她甚至能清楚感觉到杨纲的肉棒在她体内的形状、温度,以及每一次抽插带来的快感。
但最让她无法停止的,还是对杨纲的爱,以及深深的歉意。
她爱他,所以她想用自己的身体弥补这段时间以来他的空虚,也想用这种方式告诉自己——即使她已经做了对不起他的事,她依然是爱他的。
同时……她也需要用这种激烈的方式,吸引杨纲的全部注意力,让他没有时间去怀疑刚刚浴室里的异状。

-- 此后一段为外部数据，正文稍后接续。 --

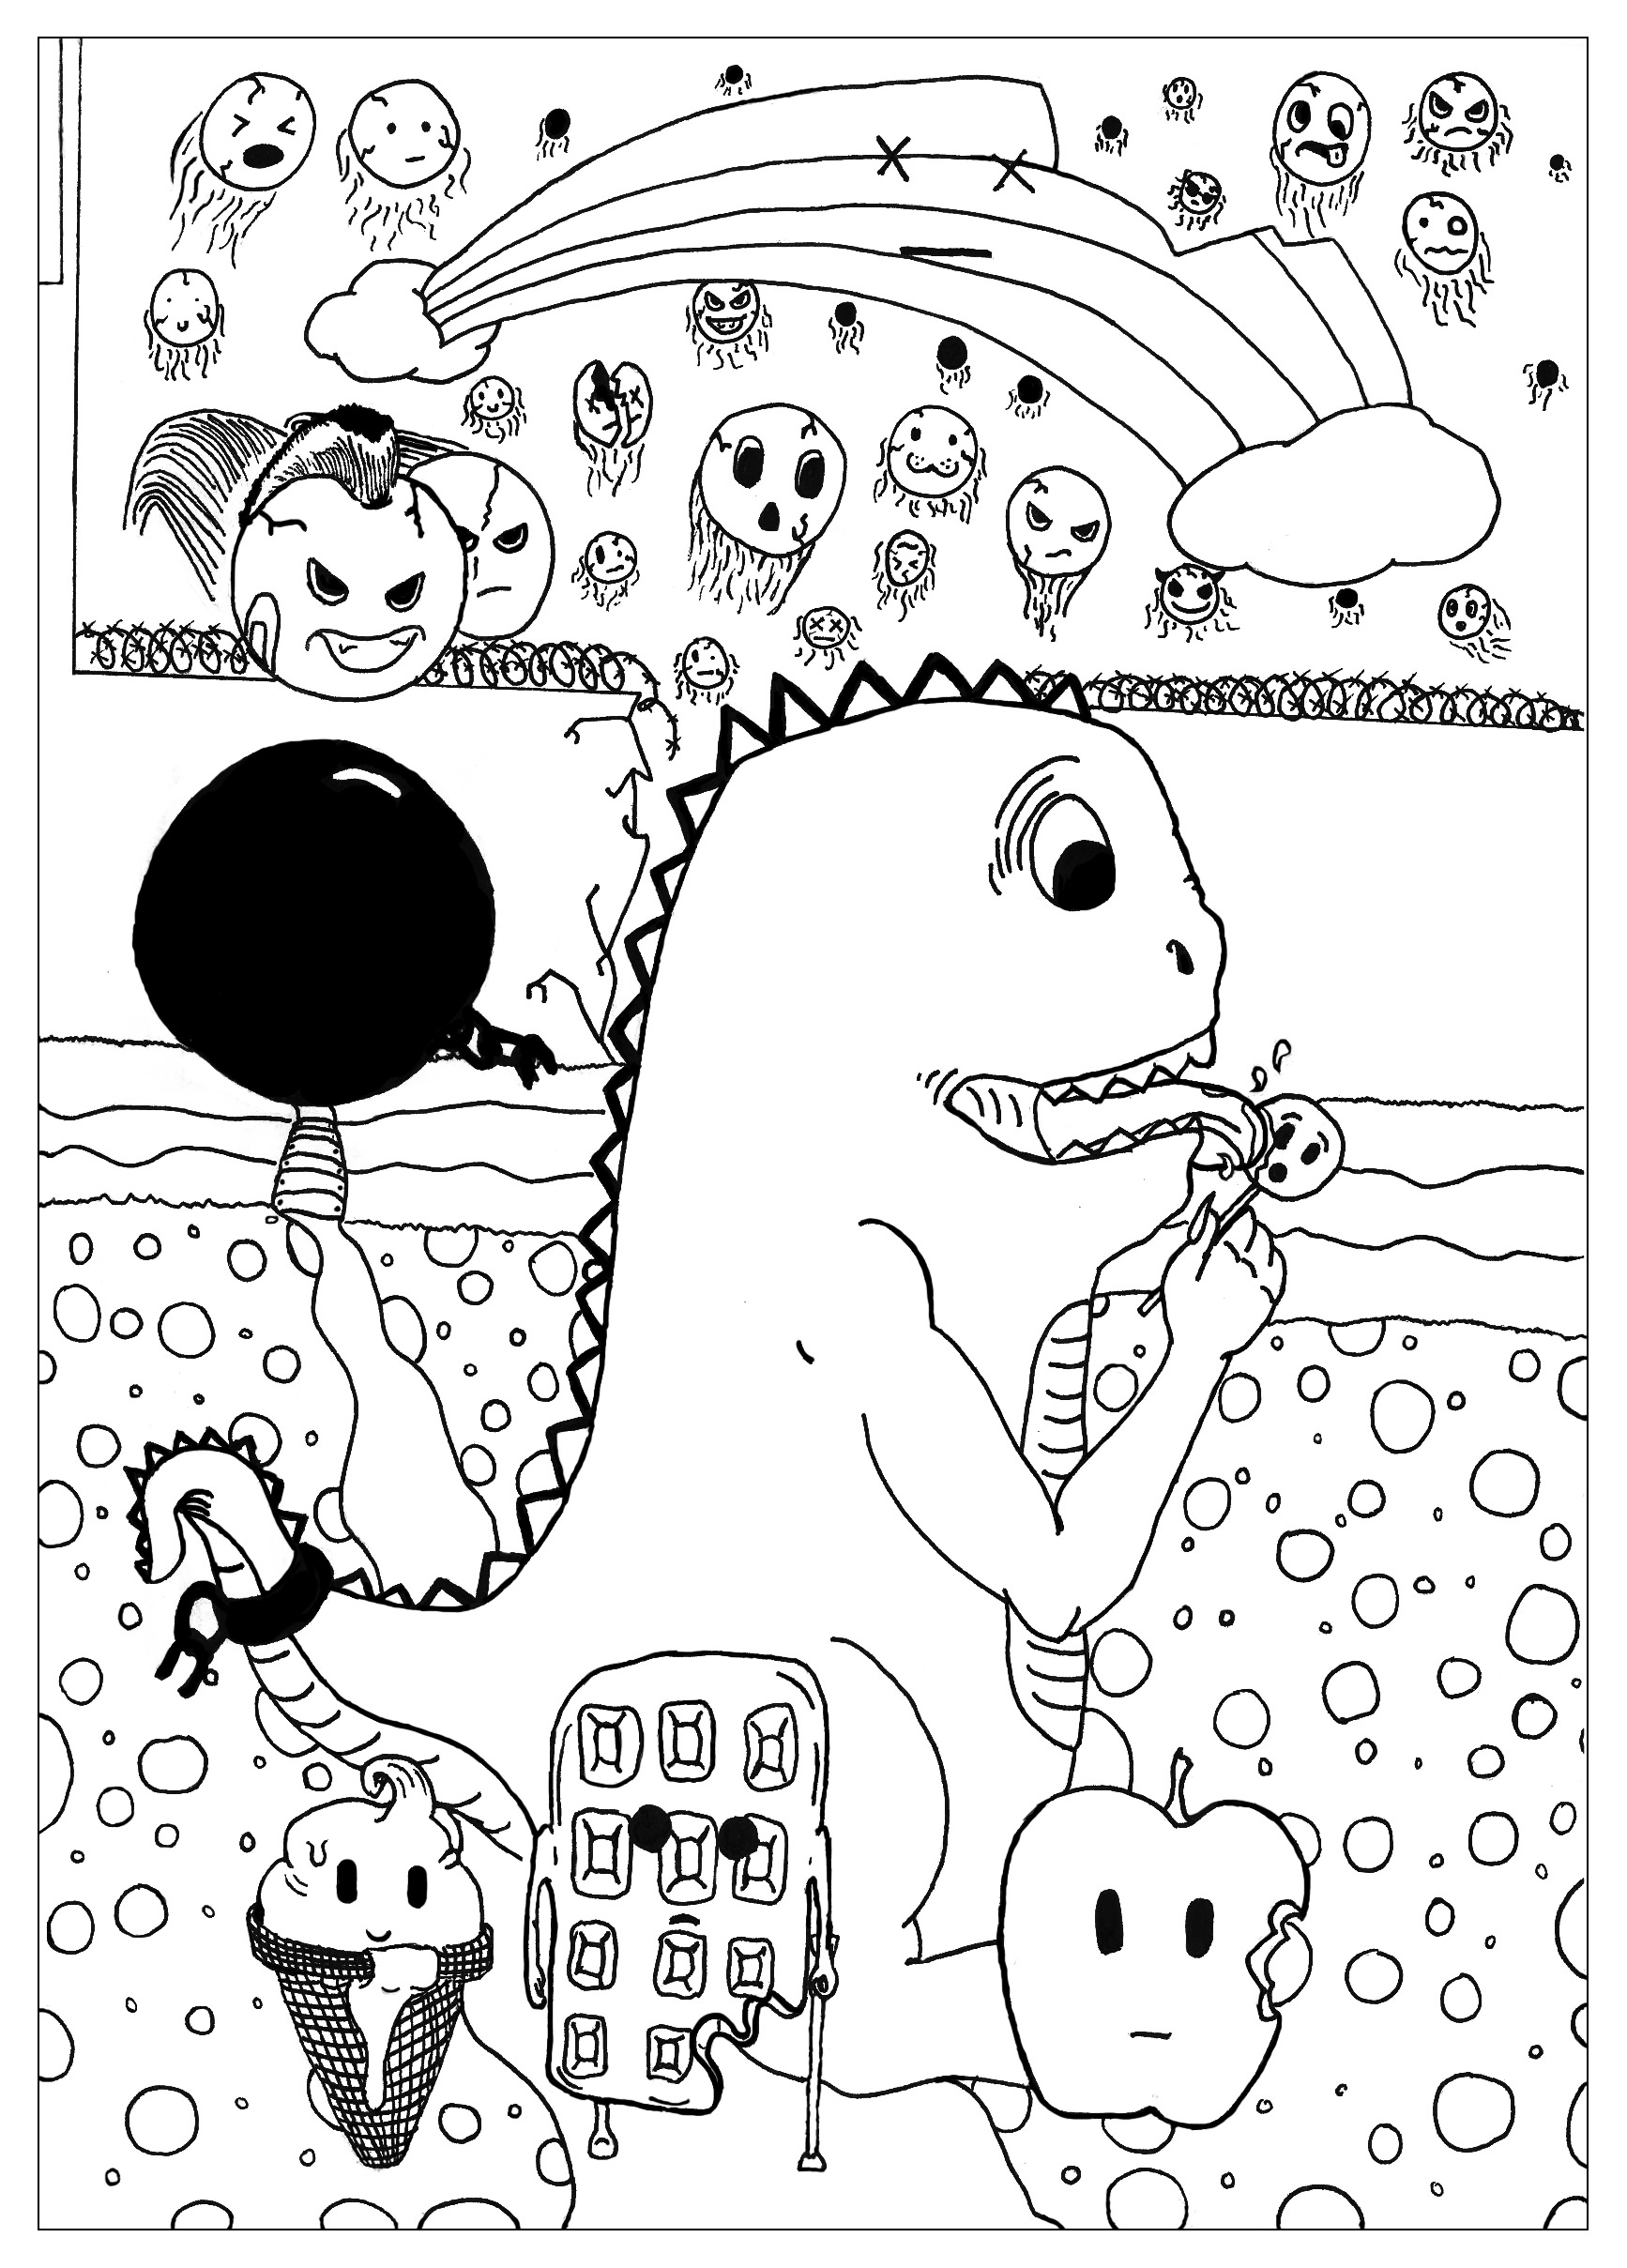 Disegni da colorare per adulti : Doodle art / Doodling - 31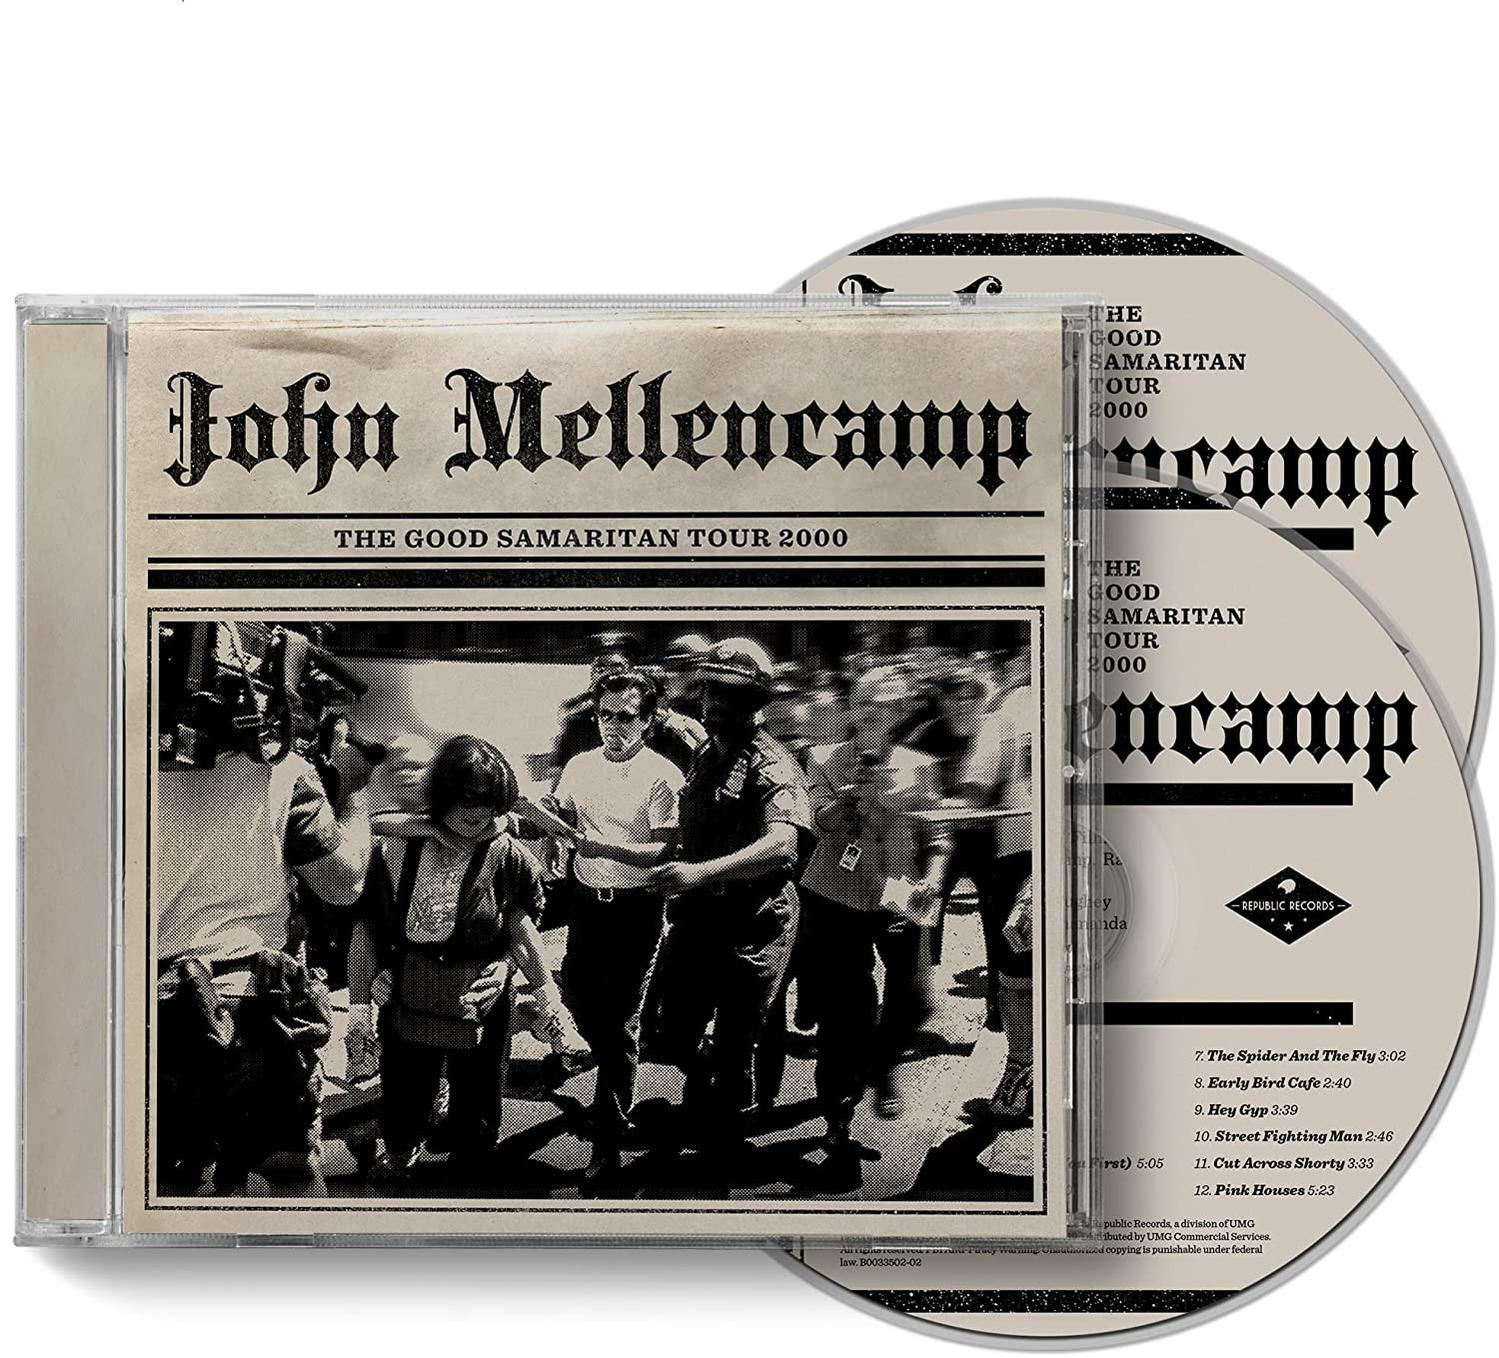 Tour Good 2000 Video) The DVD John - + Samaritan Mellencamp - (CD (CD+DVD)

“老公……好深……”她喘息着说,声音软得几乎要化掉,“你今天……好厉害……”
杨纲被她这副模样刺激得血脉贲张,抱着她的腰更用力地撞击。
冰箱门不断发出轻微的碰撞声,韵仪则主动把臀部往后挺,迎合他的每一次深入。
两人在厨房里做了很久。
杨纲先把她压在流理台上从后面进入,接着又把她抱到冰箱门前,以站立的后入式猛烈抽插。
韵仪则一直主动迎合他,不时转头主动和他亲吻,偶尔还会用手往后抓住他的手臂,让他干得更深。
当杨纲终于快到极限时,他把她从冰箱门前拉开,让她跪在冰冷的地板上,把浓稠的精液全部射进她嘴里。
大量的白浊从她嘴角溢出,顺着下巴滴落。
以往的韵仪会立刻吐出来。
但这次,她只是微微抬头,用带着泪光的眼睛看着杨纲,然后缓缓地、毫不犹豫地把嘴里的精液全部吞了下去。
接着,她甚至还伸出舌头,仔细地舔掉嘴角和下巴上残留的白浊。
杨纲看傻了。
他盯着自己的妻子,喉结剧烈滚动,刚刚才射过的性器,居然又开始缓缓勃起。
韵仪看着他又硬起来的模样,微微一笑,伸手握住它,轻声说:
“老公……还可以吗?”
杨纲没有回答,只是把她抱起来,再次压在沙发上。
而韵仪则紧紧抱住他,在心里默默想着——即使我已经是不贞的女人。
我还是爱着你。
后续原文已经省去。